Single by Bucks Fizz

from the album I Hear Talk
- B-side: "Pulling Me Under"
- Released: 15 December 1984
- Genre: Pop
- Length: 4.39
- Label: RCA
- Songwriters: Andy Hill, Peter Sinfield
- Producer: Andy Hill

Bucks Fizz singles chronology
| "Golden Days" (1984) | "I Hear Talk" (1984) | "You and Your Heart So Blue" (1985) |

Alternative cover
- The Original Bucks Fizz (2010)

= I Hear Talk (song) =

"I Hear Talk" is a 1984 single by UK pop group Bucks Fizz, written by Andy Hill and Peter Sinfield, the team responsible for the group's biggest hit in the UK, "The Land of Make Believe". It was also produced by Hill. Released as a single in December 1984, it is the title track from the group's fourth studio album. In 2010, the song was chosen as the first single by the Original Bucks Fizz in a live jazz-style reworking.

== Background ==
Released on 15 December 1984, the single coincided with a much-publicised coach crash that the group had experienced earlier in the week. While the group were returning from a gig in Newcastle, their tour bus collided with road works and careened off the road, injuring the members of the group as well their entourage. Mike Nolan was badly injured and the group were inactive for several months. As a result, promotion for the single was minimal and the song failed to chart as highly as had been expected, reaching No.34 in the UK despite being a fan favourite. Reviewing the single for Number One magazine, pop group Bananarama made positive comments about the song, saying that it had "something that their last few singles didn't." Bucks Fizz member Cheryl Baker has also commented that "I Hear Talk" is among her favourite Bucks Fizz songs..

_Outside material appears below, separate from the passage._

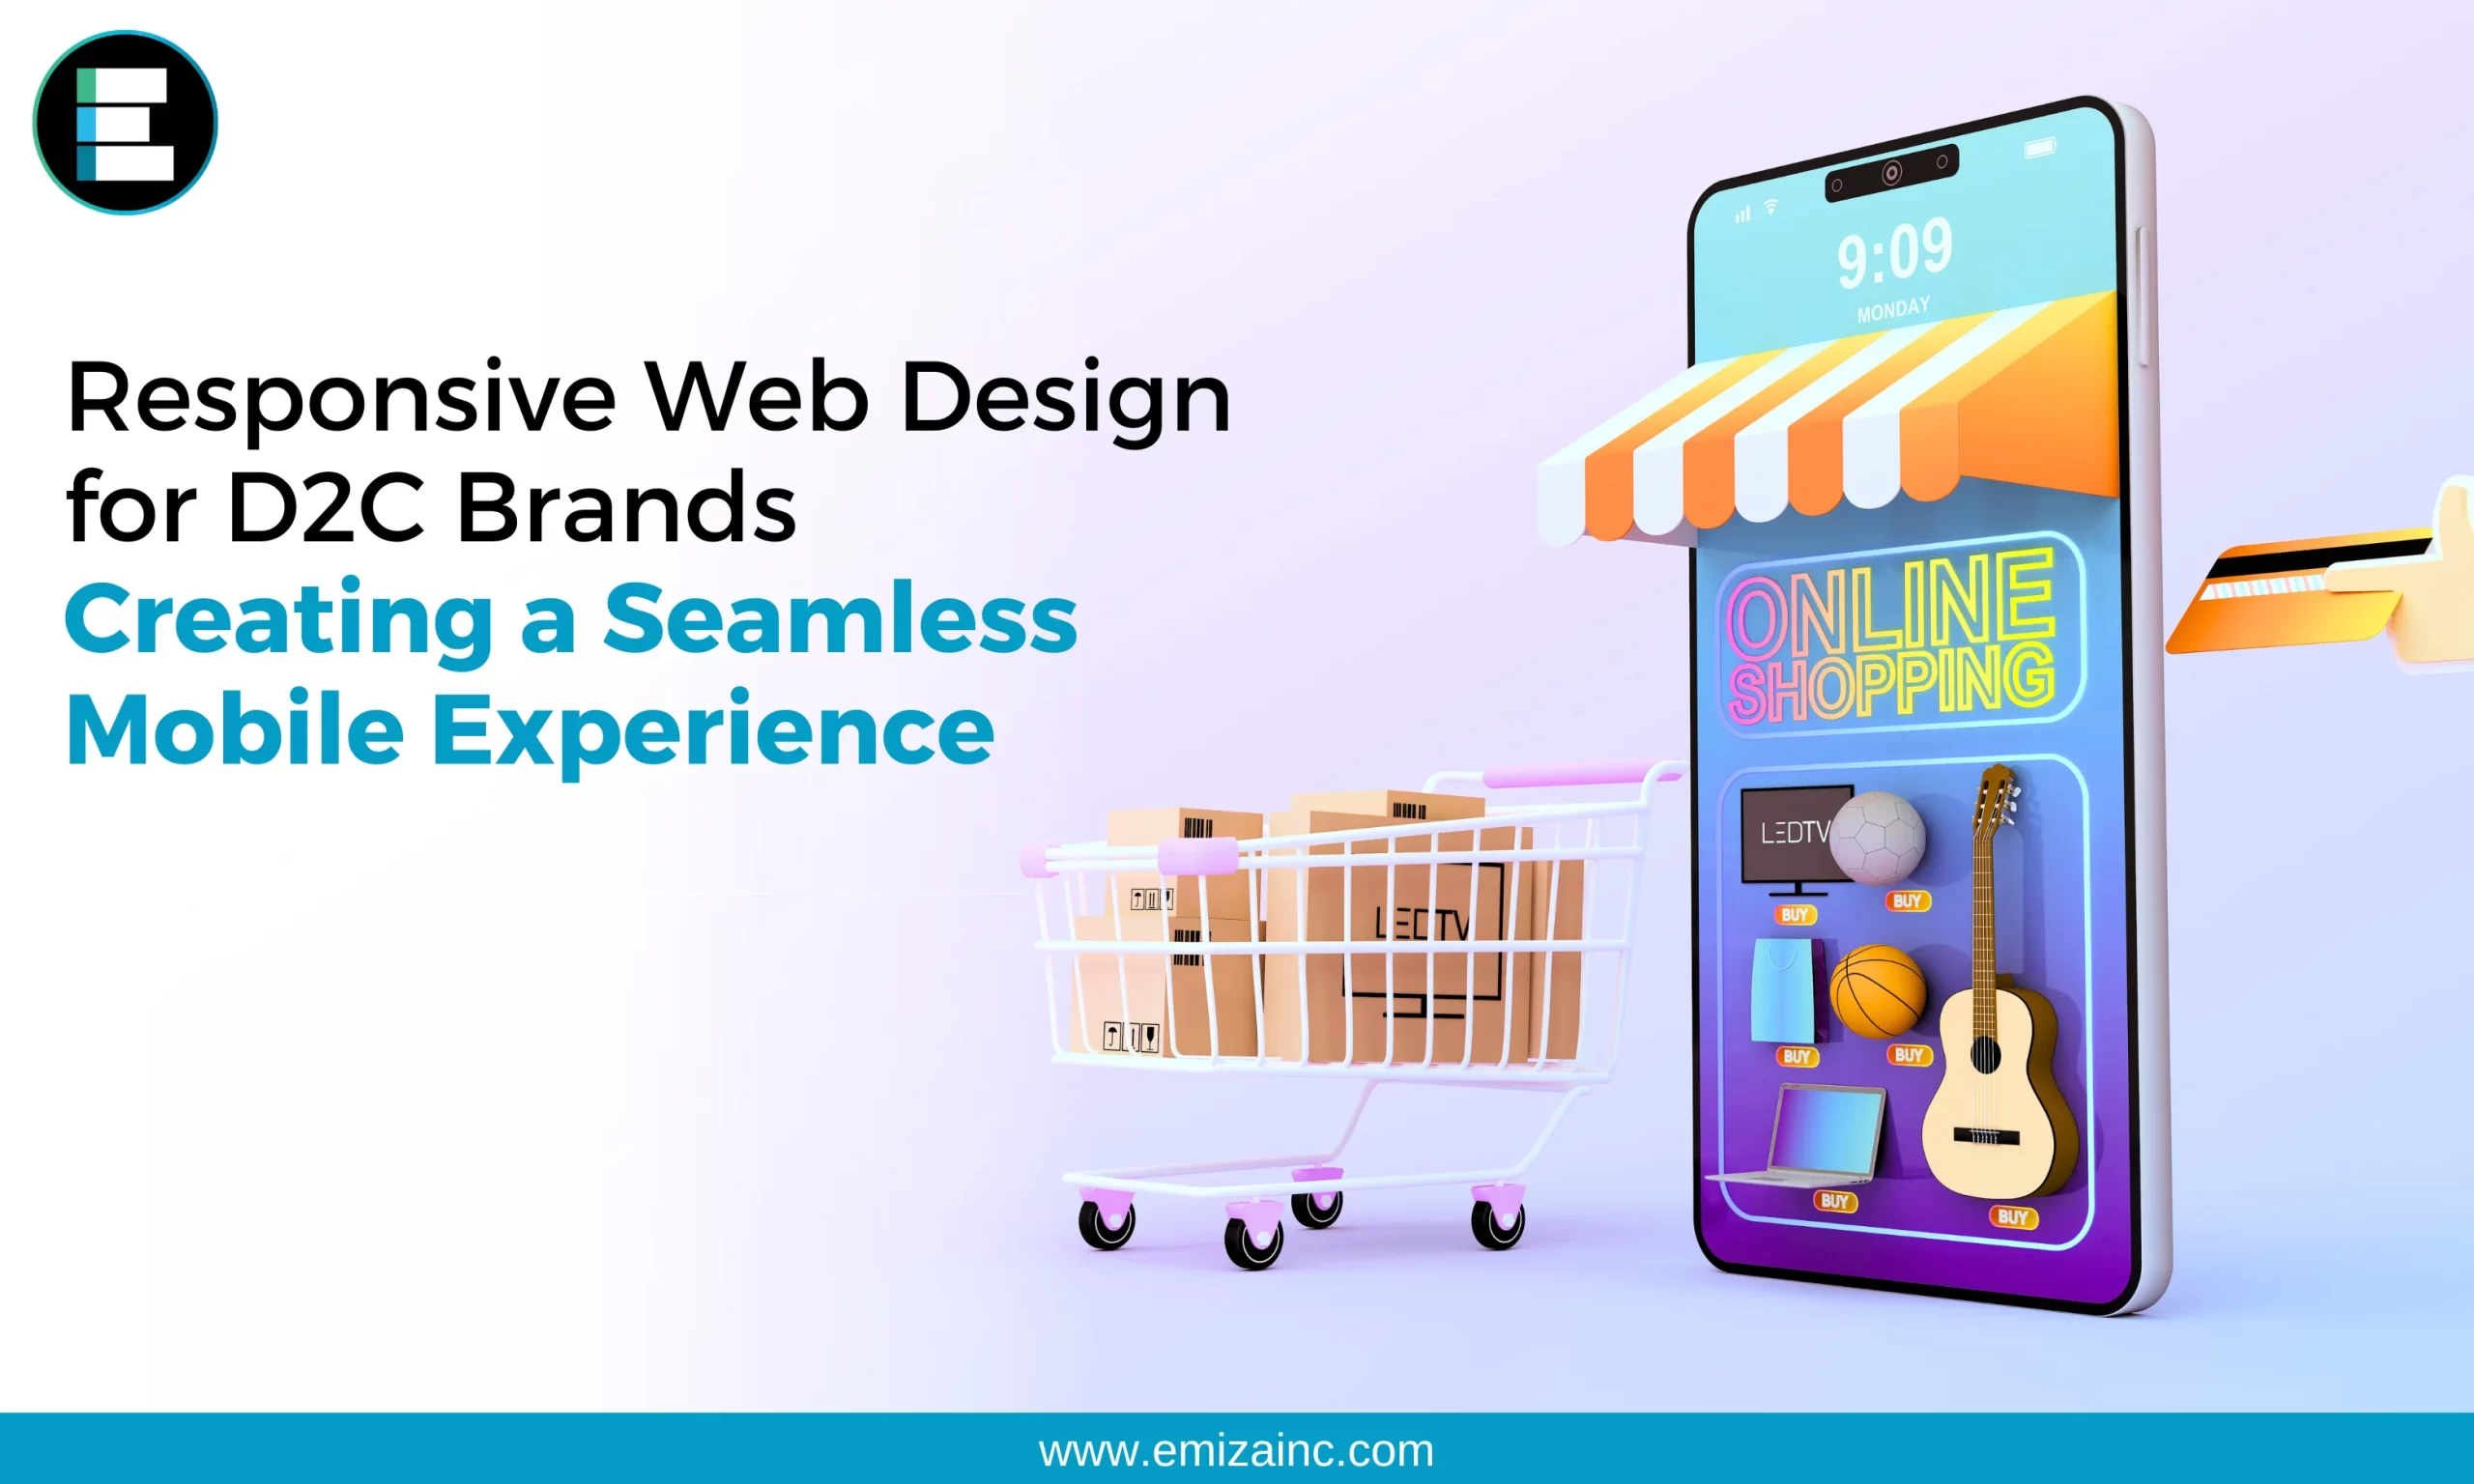 Responsive Web Design for D2C Brands Creating a Seamless Mobile Experience

The song's lyrics centre on a man's jealousy within his relationship after hearing rumours that his partner has been cheating on him. The lead vocalist for the song is Bobby G, while the middle 8 section is performed by Baker alone. The B-side of the single, "Pulling Me Under", was written and performed solely by Bobby G, while an extra track on the 12" single, "Invisible", featured member Jay Aston on lead. "Invisible" had been planned as a single for the group in 1983, but it was replaced on short notice by "London Town". On the 12" single, it appeared in a remixed form, although the original was later released on the compilation The Lost Masters in 2006. The song was co-written by Mike Batt, his only Bucks Fizz contribution.

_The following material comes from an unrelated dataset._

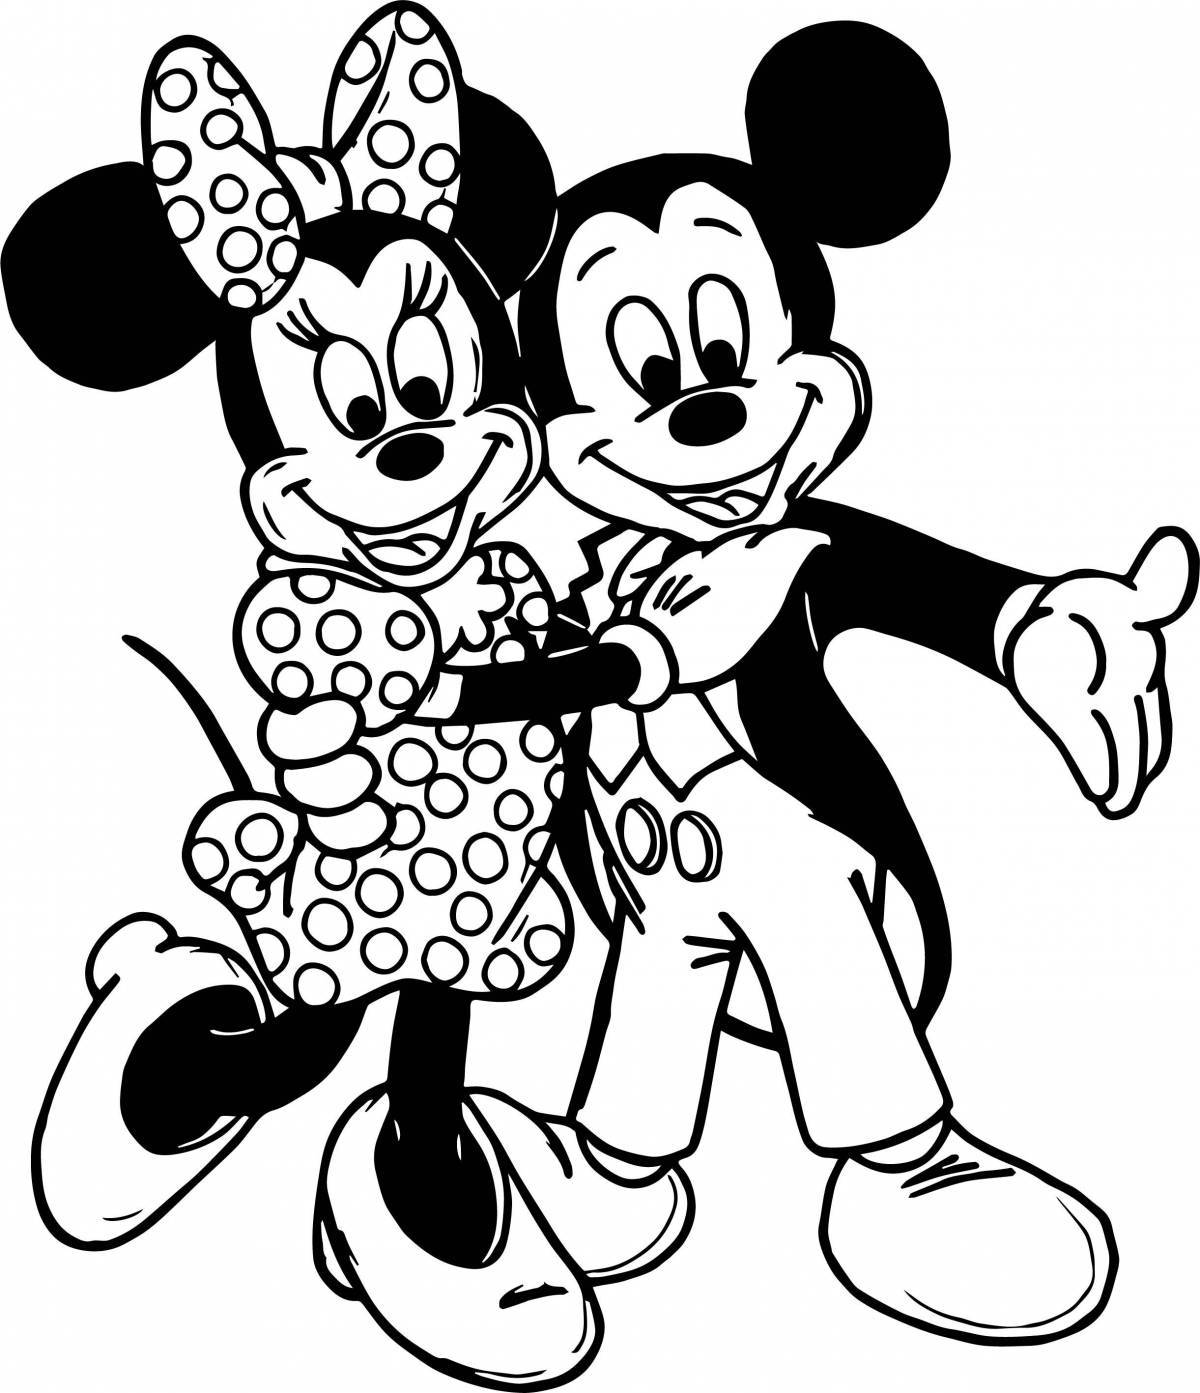 Coloring page joyful mickey mouse

Bucks Fizz in the promotional video for "I Hear Talk"

  The group's promotional video for the song, recorded before the accident, was studio-bound and depicted the group walking around in a snowy location. Later, the group are seen performing the song against a black background. Bucks Fizz had also recorded a performance of the song for TV show Razzamatazz on 11 December, the day of the coach crash, which was transmitted some weeks later. The single entered the charts in the last week of 1984 and rose to No. 34 in January 1985, where it stayed for three consecutive weeks but failed to climb further. The second of these weeks saw TV show Top of the Pops feature a clip of the video in the debut of its "breakers" section that would run for many years afterward.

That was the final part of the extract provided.